Anyway, as you may be able to tell, I'm a fan of your choice in caliber. Good luck!


----------



## Fitz (Jul 12, 2012)

Thank you Mr Glen!

Sent from my iPhone using Tapatalk


----------



## Indiana Jones (Aug 28, 2014)

Criterion barrels are fantastic as well.


----------



## Indiana Jones (Aug 28, 2014)

Are we talking about unissued 98 or k98 receivers? Or WW2 era bring backs? Barrel life? All of this will tremendously affect your accuracy at long range. If the barrel has been shot to hell to achieve any semblance of accuracy at 1000 yards it will need to be replaced. While those old rifles are capable of launching a bullet 1000 plus yards it wont be easy to hit your target unless you have a decent barrel and some good glass. Have fun! Post pics because I have a similar project in mind.


----------



## TomKat (Aug 2, 2014)

I gave up on medium weight barrels for hunting rifles. No fun to carry.

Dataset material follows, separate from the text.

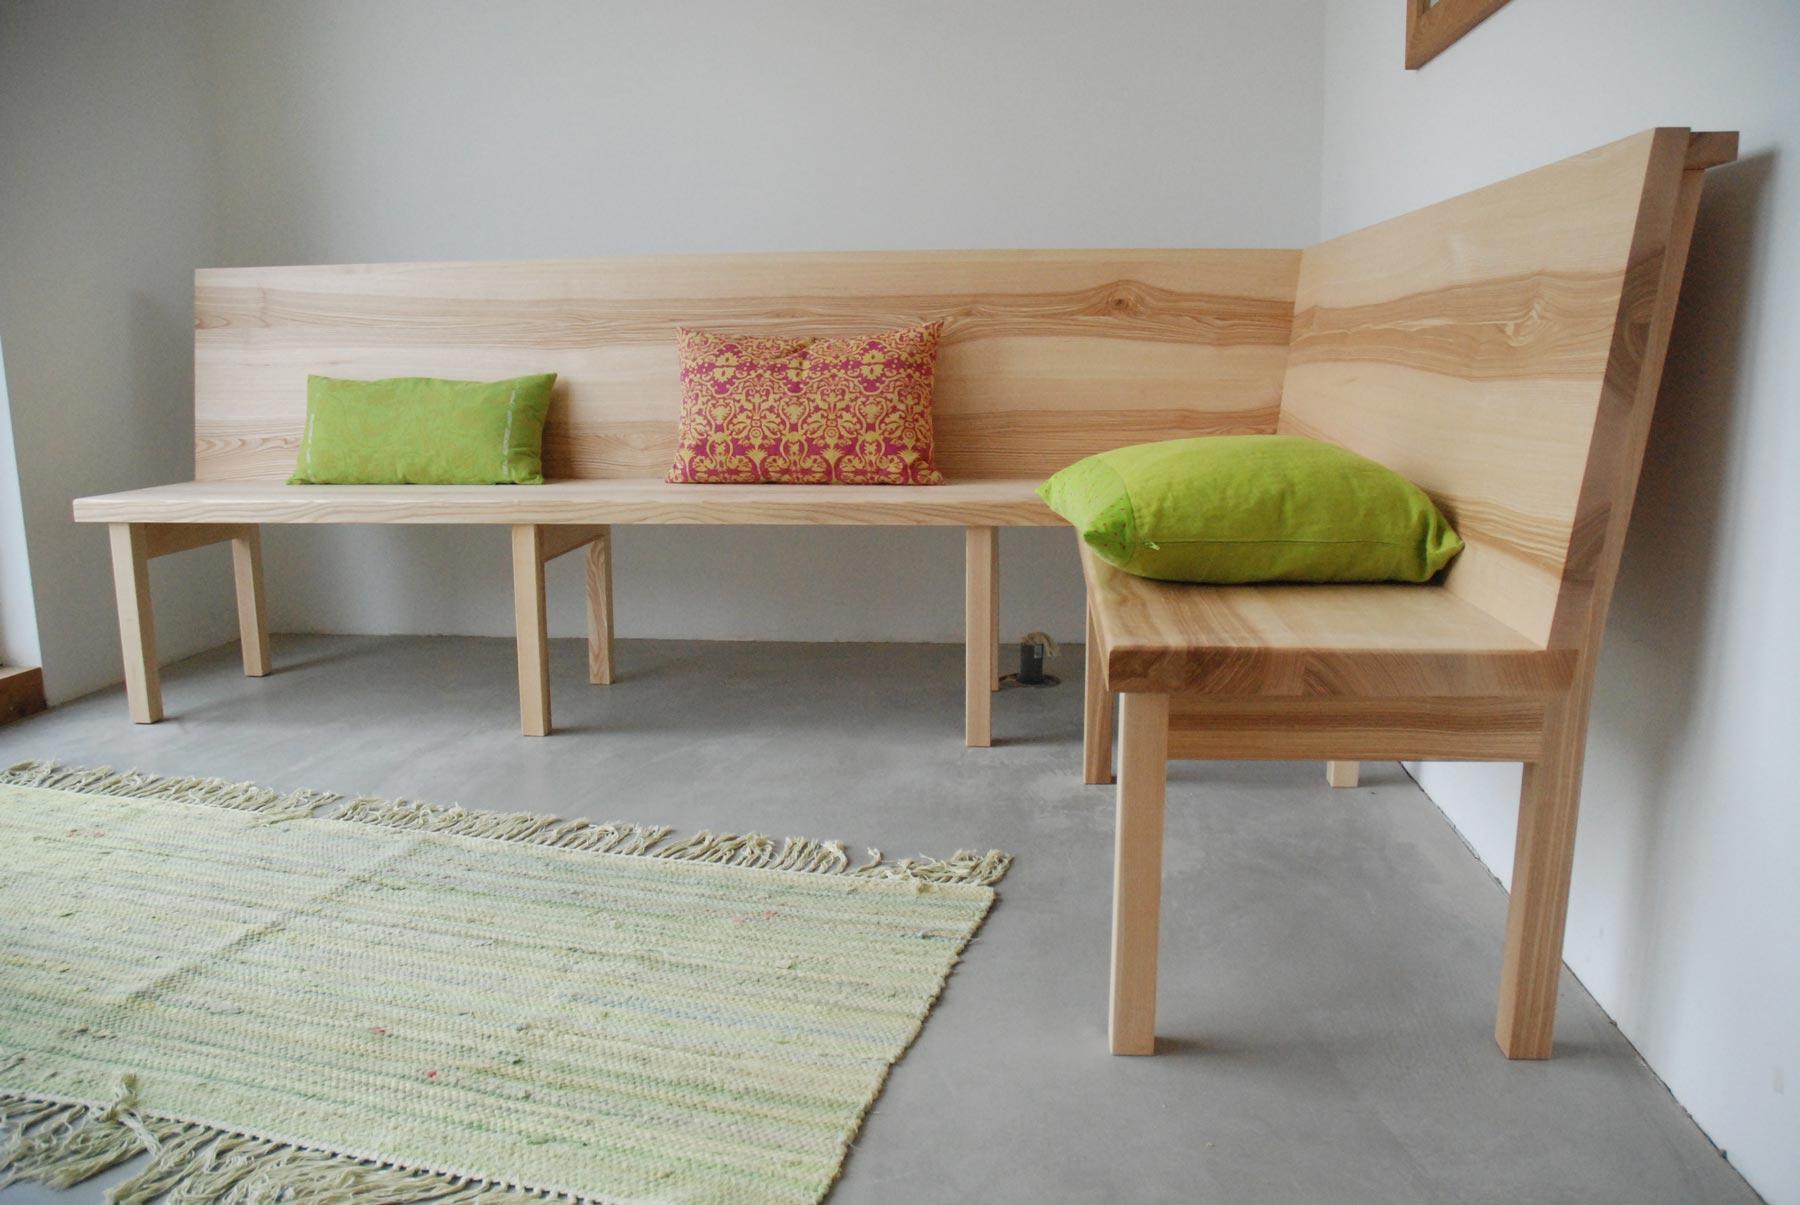 Eckbank massivholz nach maß  Eckbänke massiv und nach Maß für bequemes Sitzen
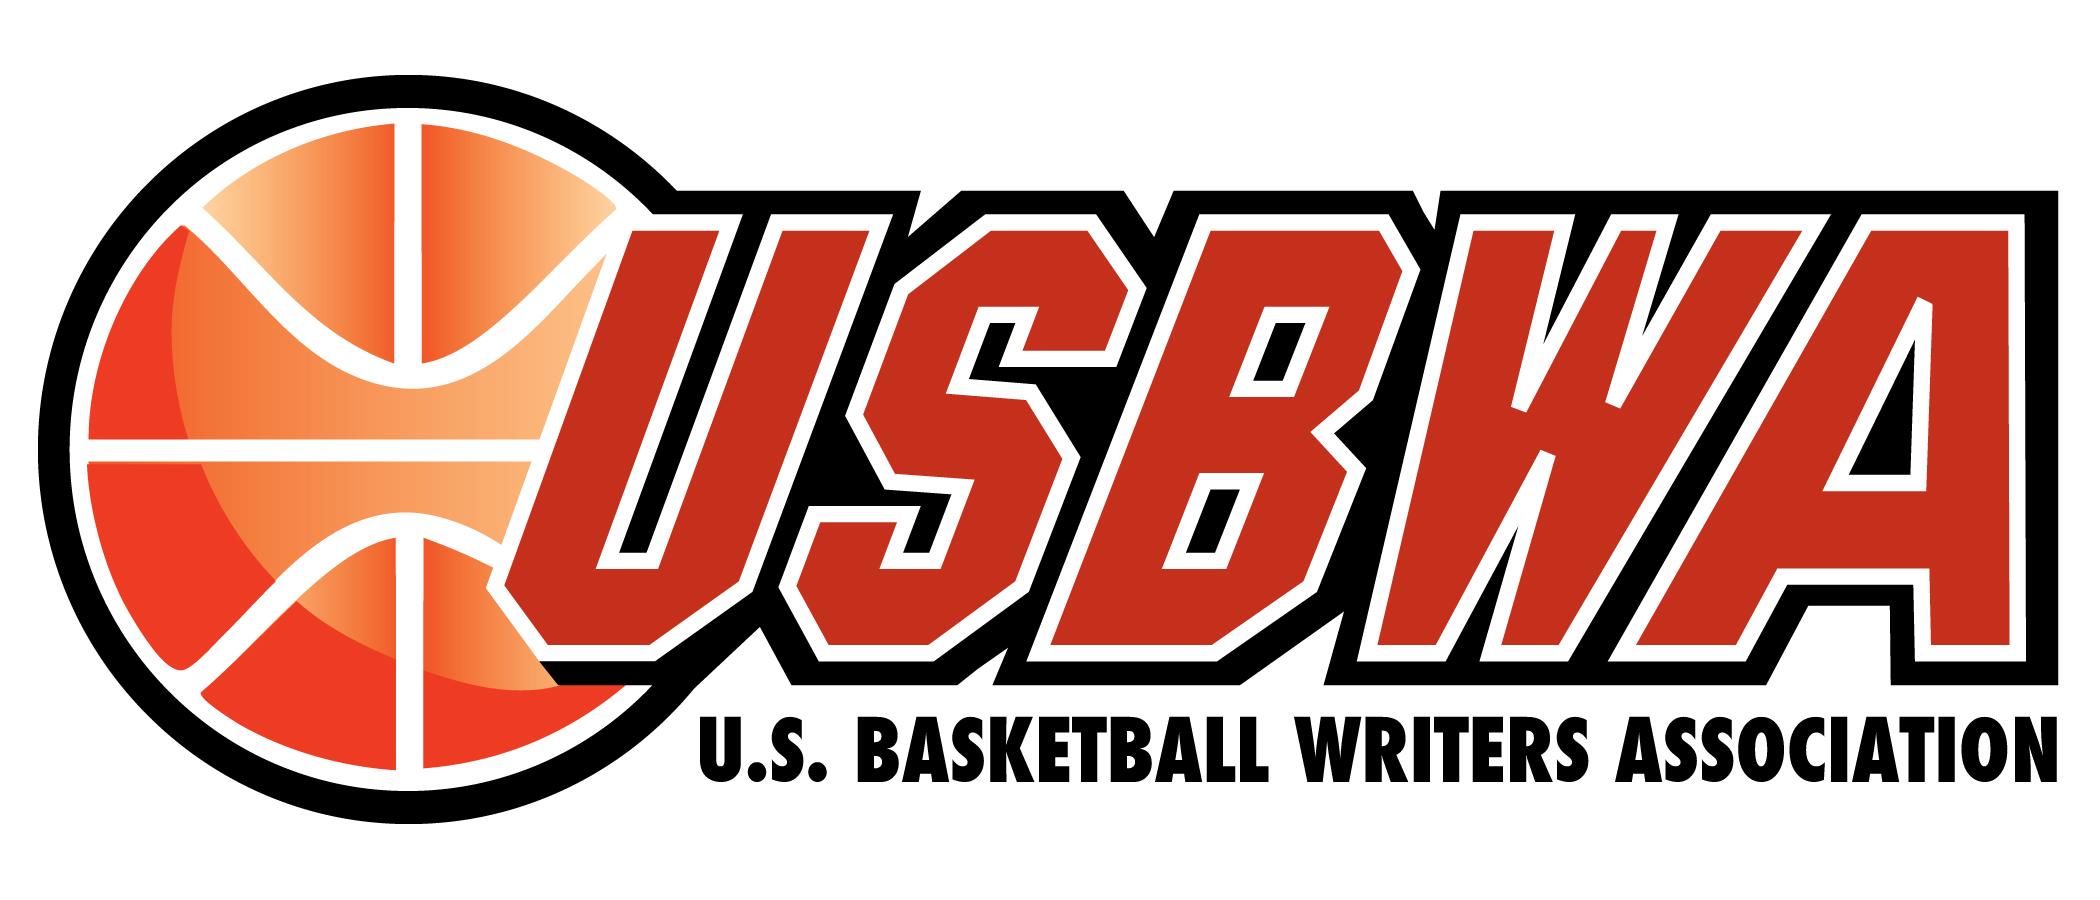 USBWA Logo

Douglas makes good barrels. Shilen is another good one.


----------



## Indiana Jones (Aug 28, 2014)

TomKat said:


> I gave up on medium weight barrels for hunting rifles. No fun to carry.
> 
> Douglas makes good barrels. Shilen is another good one.


+1 on Douglas. My Mk12 Mod1 has a Douglas barrel. It was good enough for the SEALs so it is good enough for my fat ass!


----------



## texaspredatorhunter (Aug 14, 2014)

Are you punching holes in critters or paper? Is there a special reason for the 98? Some will say a 308 will outperform, I like a 7mm-08, or you have the 7mm Remington Ultra Mag which actually has flatter trajectory than a 22-250. I guess I am just curious as to why the caliber and firearm selection, no knocking it just wondering. Best of luck and please post pics.


----------